Example 2. A pharmacy counter. A customer is unsure which medicine to buy. The assistant listens carefully to the symptoms, avoids confusing medical terms, explains the options simply, and keeps a calm, friendly tone. The customer leaves confident they bought the right thing, showing how clear speech and active listening build trust.
Try this
Cue. State two things a shop assistant should do to communicate well when greeting a customer, and explain why a warm greeting matters. Think about a smile, eye contact, and offering help, then link the greeting to making the customer feel welcome.
Cue. Explain what body language is, and give two positive and one negative example for a waiter. Remember body language is messages sent without words - cover the face, eyes, and posture - and label which examples are good and which are poor.
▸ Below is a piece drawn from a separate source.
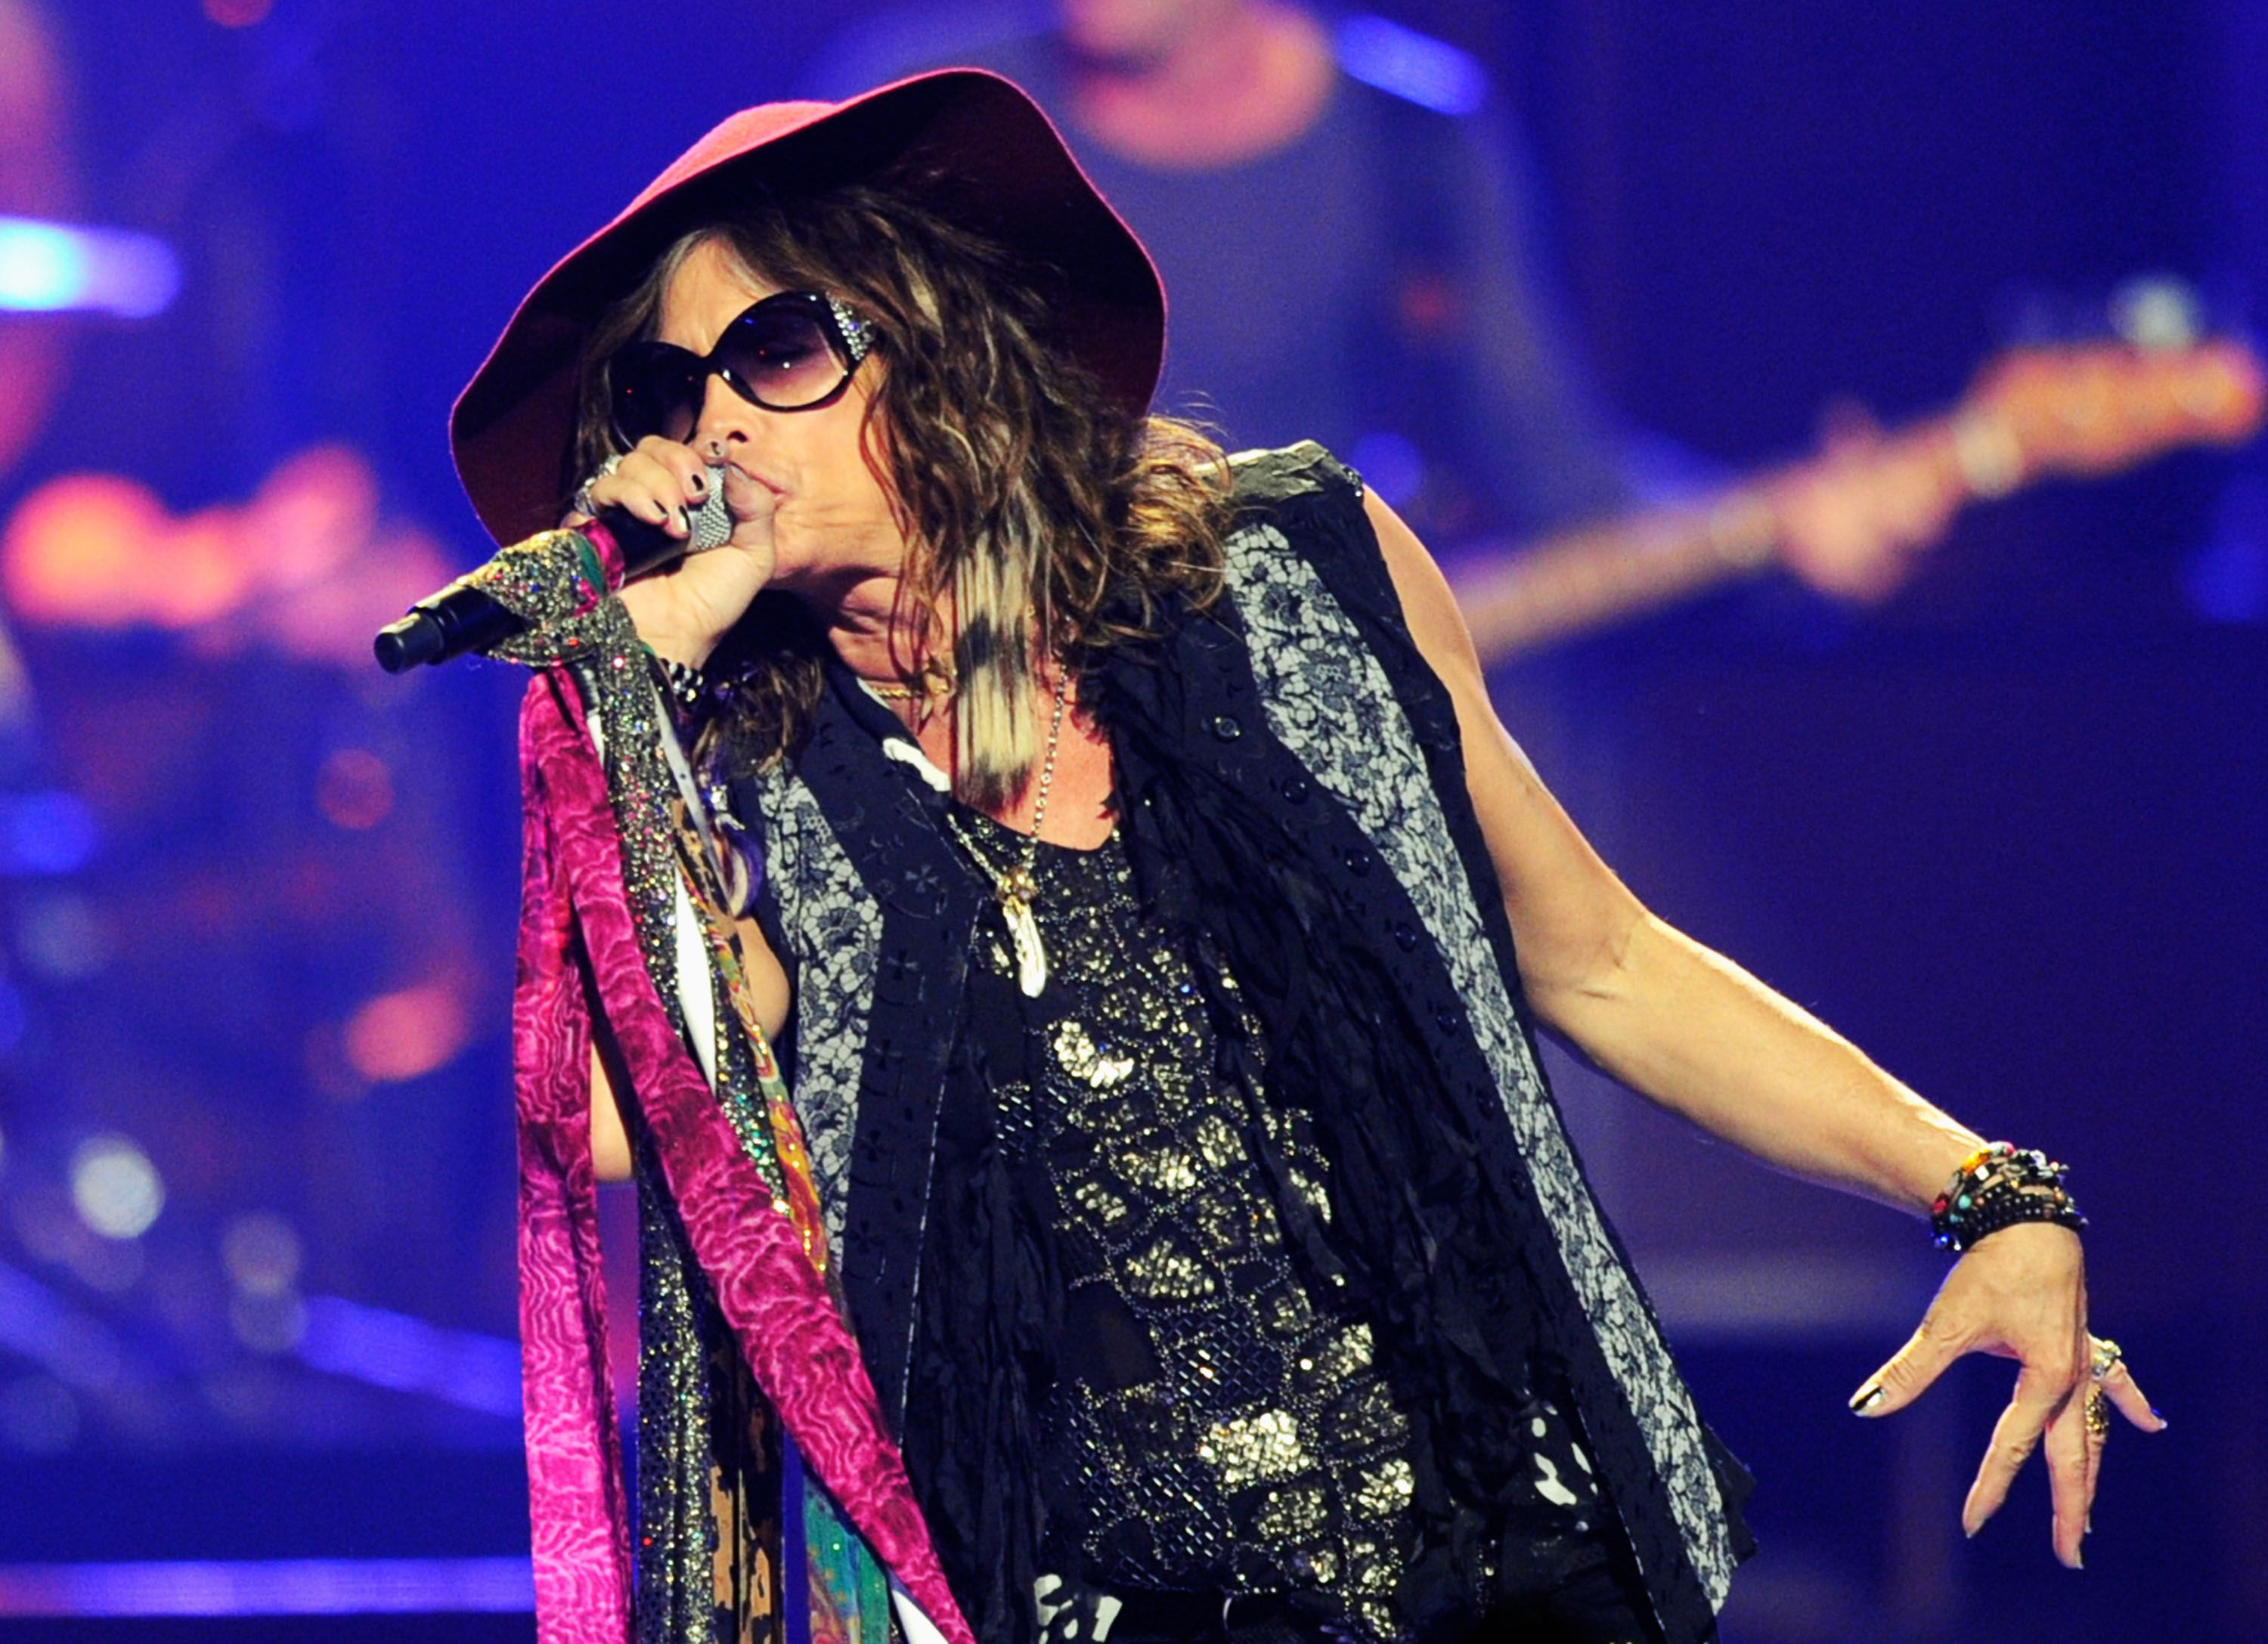 LAS VEGAS, NV - SEPTEMBER 24: Singer Steven Tyler performs onstage at the iHeartRadio Music Festival held at the MGM Grand Garden Arena on September 24, 2011 in Las Vegas, Nevada. (Photo by Ethan Miller/Getty Images for Clear Channel)

Cue. A customer feels the staff did not listen to them. Explain how active listening would have improved the service. Link listening to understanding the customer's exact need and to making them feel valued, then to a better result.
Exam-style practice questions
Practice questions written in the style of SEAB exam questions on this dot point, with worked answer explainers. The year tag is the paper they imitate, not the source.
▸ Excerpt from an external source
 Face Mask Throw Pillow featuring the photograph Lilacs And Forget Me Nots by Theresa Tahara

Original4 marksA customer walks into a shoe shop looking confused. (a) State two things the staff should do to communicate well with this customer. (b) Explain why listening carefully to the customer is important.Show worked answer →
(a) Two things: greet the customer warmly with a smile and offer to help, and listen carefully to what they are looking for before suggesting anything.
(b) Listening carefully is important because it helps the staff understand exactly what the customer needs, so they can suggest the right product. It also makes the customer feel valued and understood, which leads to a better experience and a more likely sale.
What markers reward: two good communication actions (greeting, offering help, listening, clear speech, friendly body language), and a reason for listening that covers BOTH understanding the need AND making the customer feel valued.
Original5 marksGood communication uses more than just words. (a) Explain what is meant by body language. (b) Describe two examples of positive body language and one example of negative body language a shop assistant might show.Show worked answer →
(a) Body language is the messages we send without words, through our face, eyes, posture, and gestures.
(b) Positive body language: smiling at the customer, and making eye contact while they speak. Standing up straight and facing the customer are also accepted. Negative body language: folding the arms, looking at the phone, frowning, or turning away from the customer (one example needed).
What markers reward: a correct meaning of body language (messages sent without words), two clear positive examples, and one clear negative example, all things a shop assistant could actually do.